** Opening PROVIDED MATERIAL block **

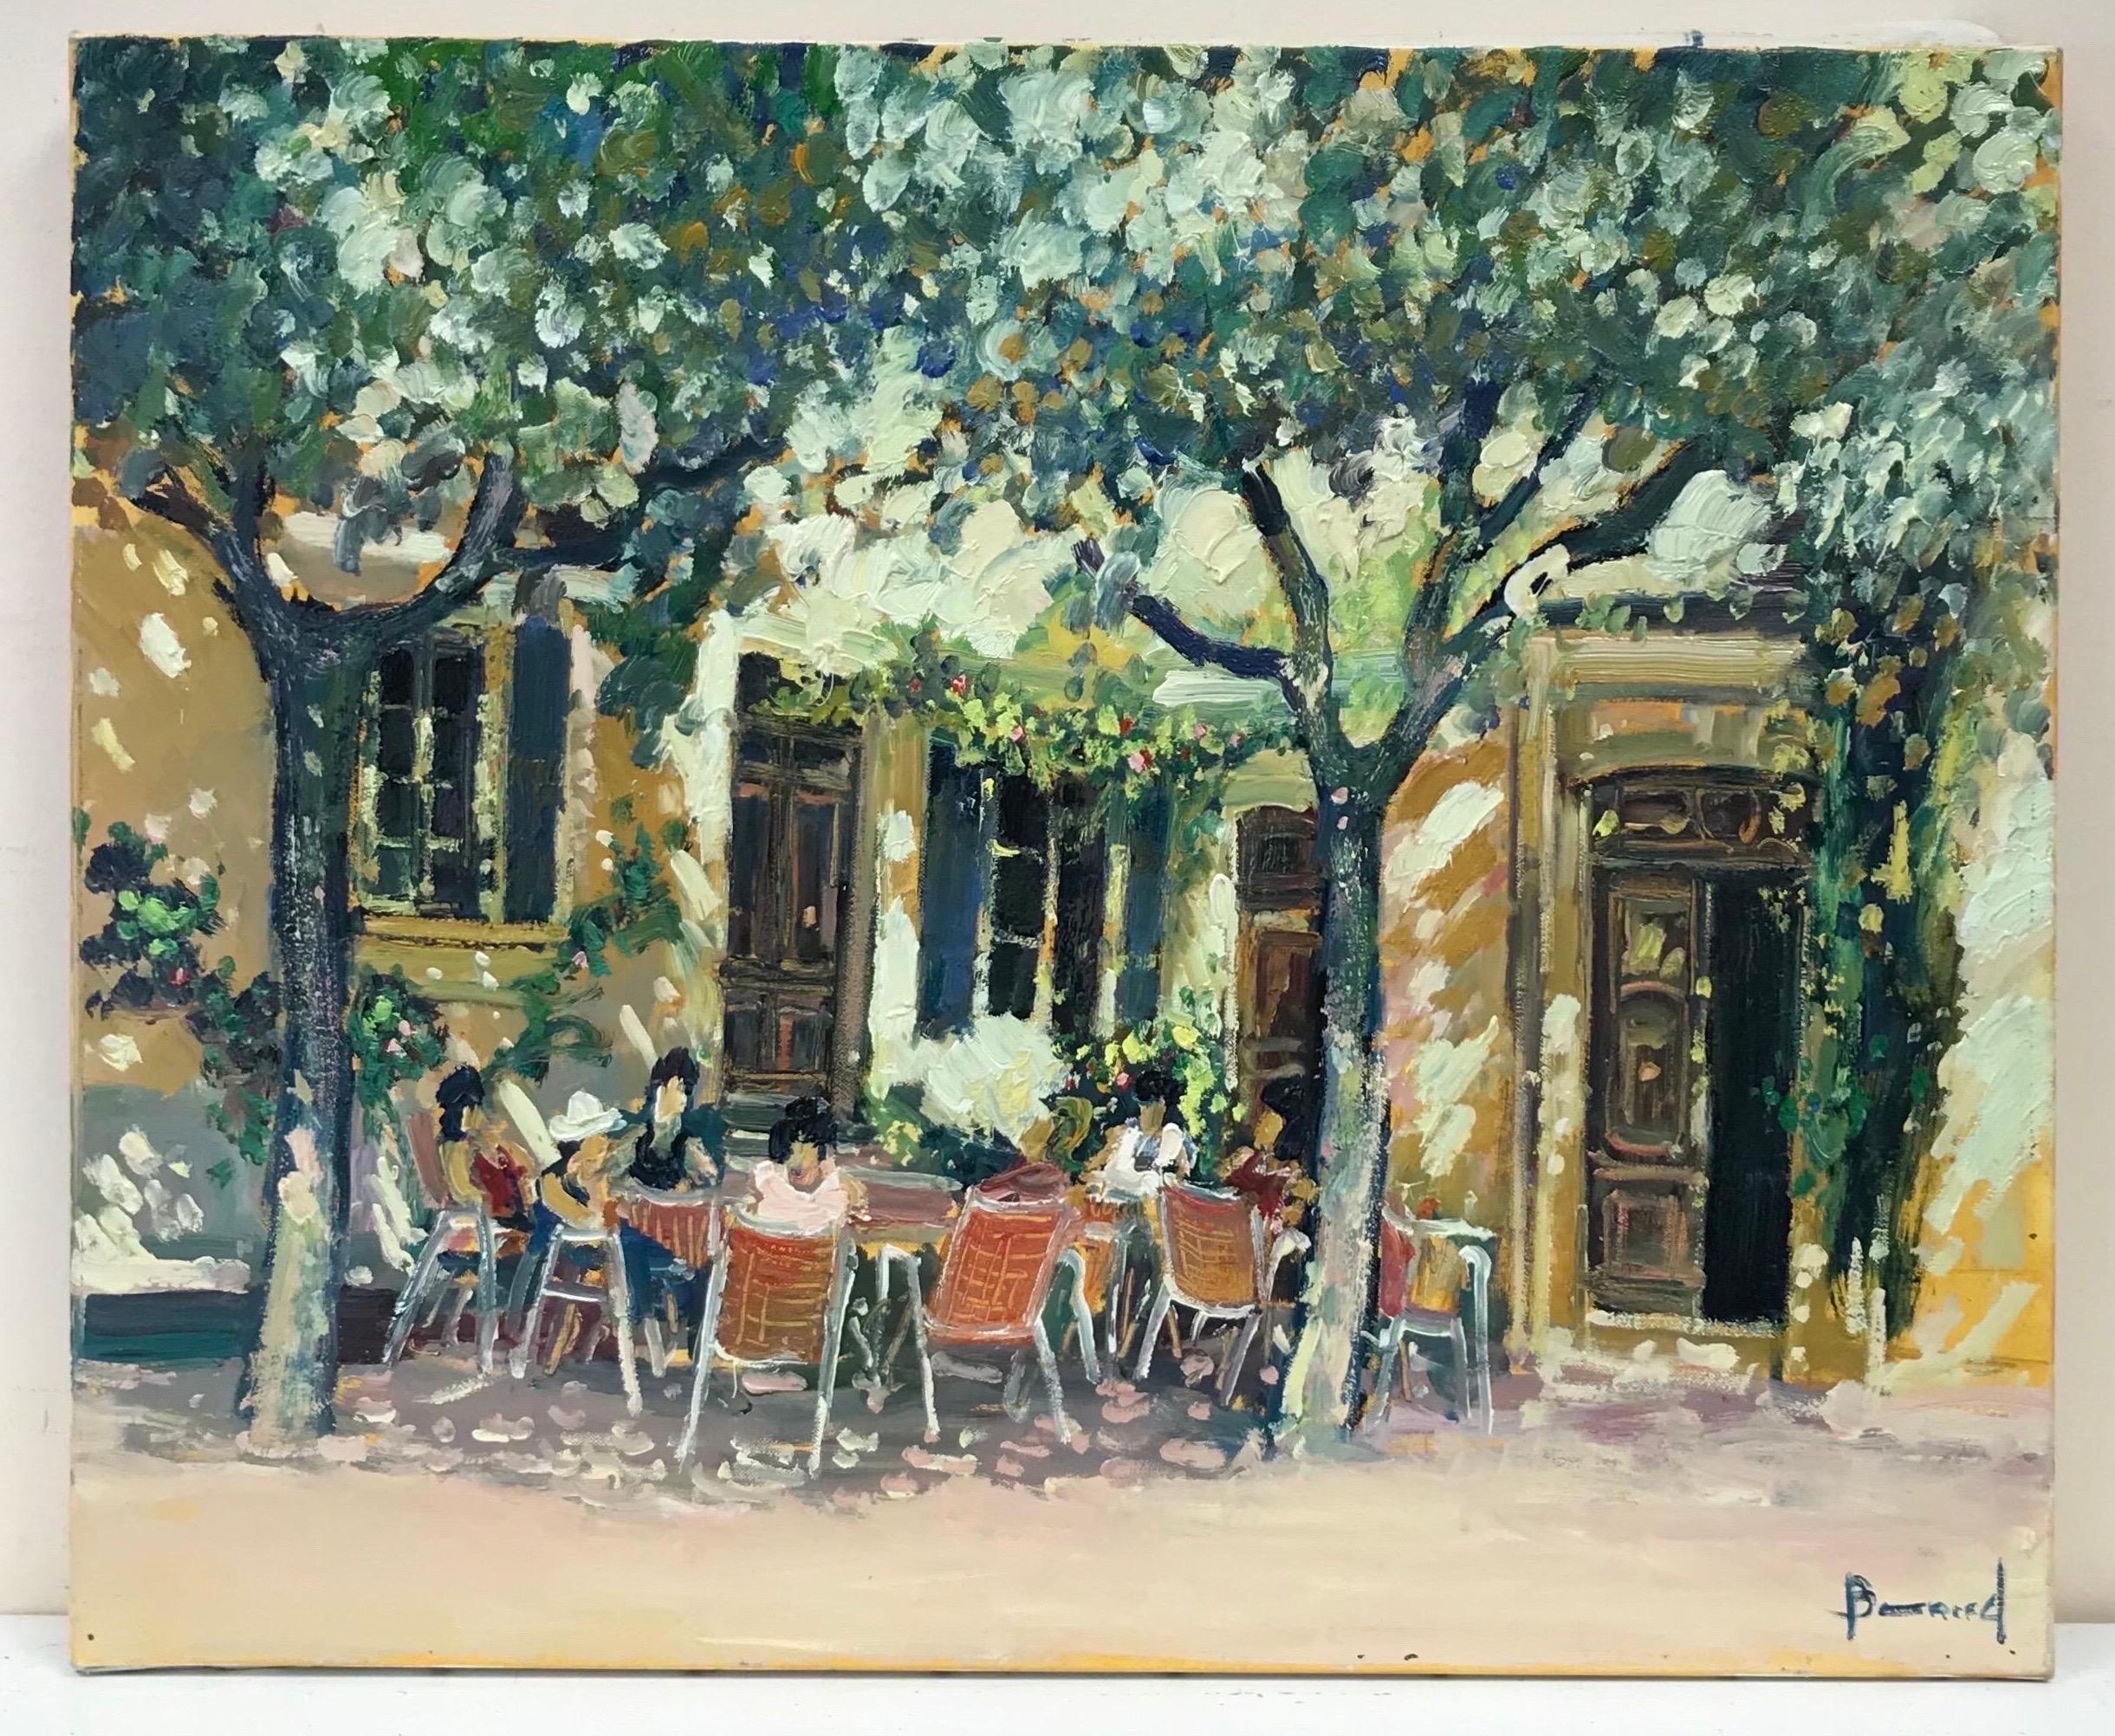 Tableau de café impressionniste français à l'huile d'une scène d'un café avec des personnages en Provence - Painting de Guy Benard
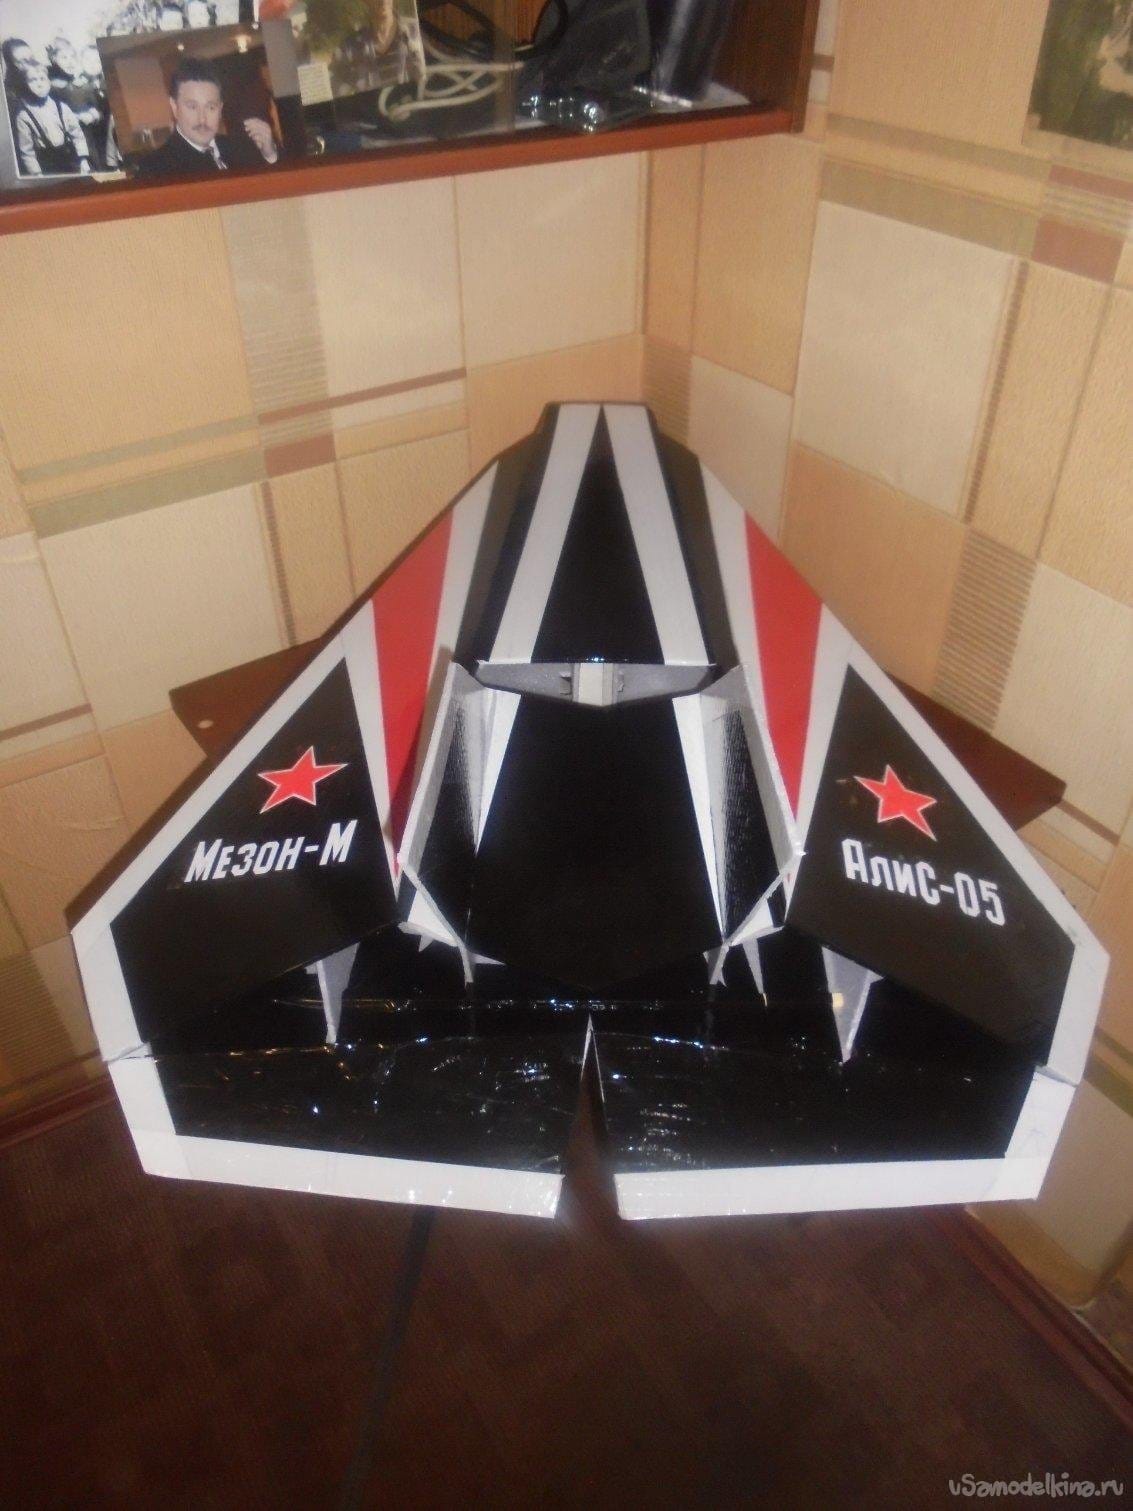 Авиамодель АлиС-05 «Мезон-М»
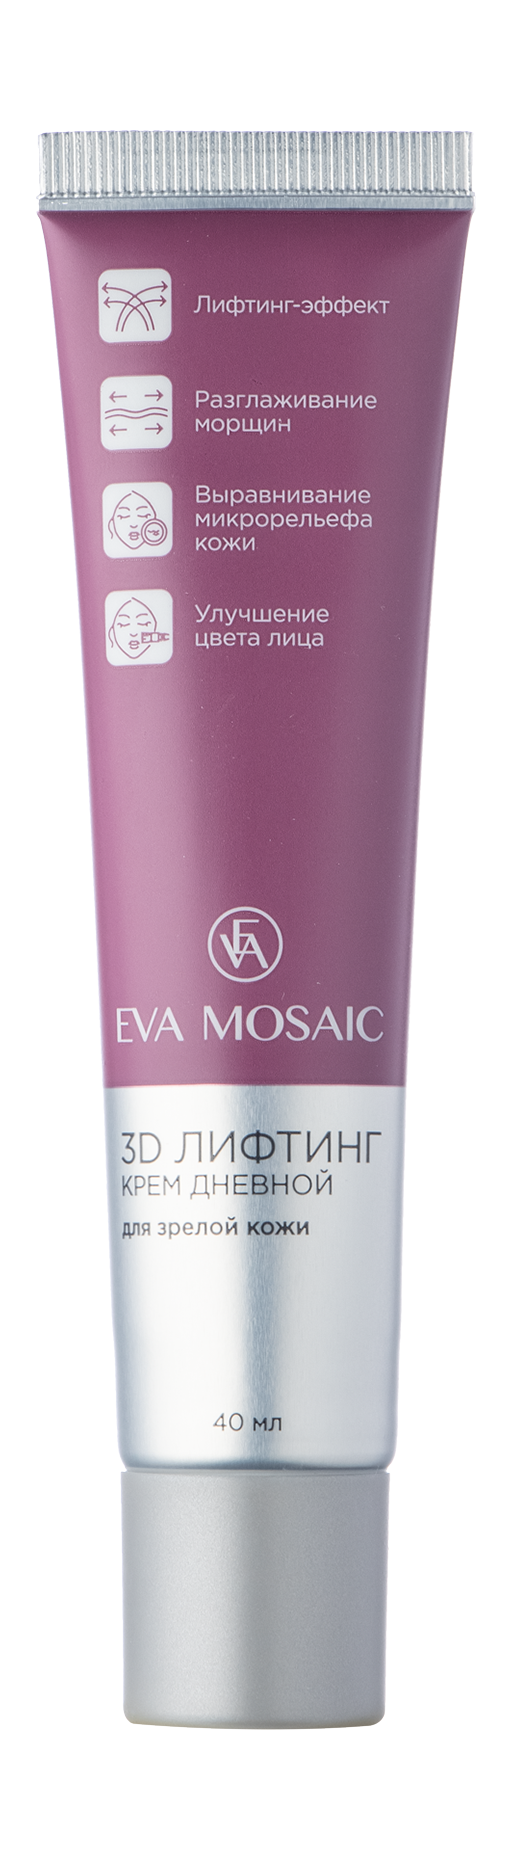 EVA MOSAIC Крем дневной для зрелой кожи 3D лифтинг, 40 мл

** Closing PROVIDED MATERIAL block **

Everything in the listing above must be restated word for word, except the images.

## WORKED SOLUTION
 Tableau de café impressionniste français à l'huile d'une scène d'un café avec des personnages en Provence - Painting de Guy Benard
 Авиамодель АлиС-05 «Мезон-М»
 EVA MOSAIC Крем дневной для зрелой кожи 3D лифтинг, 40 мл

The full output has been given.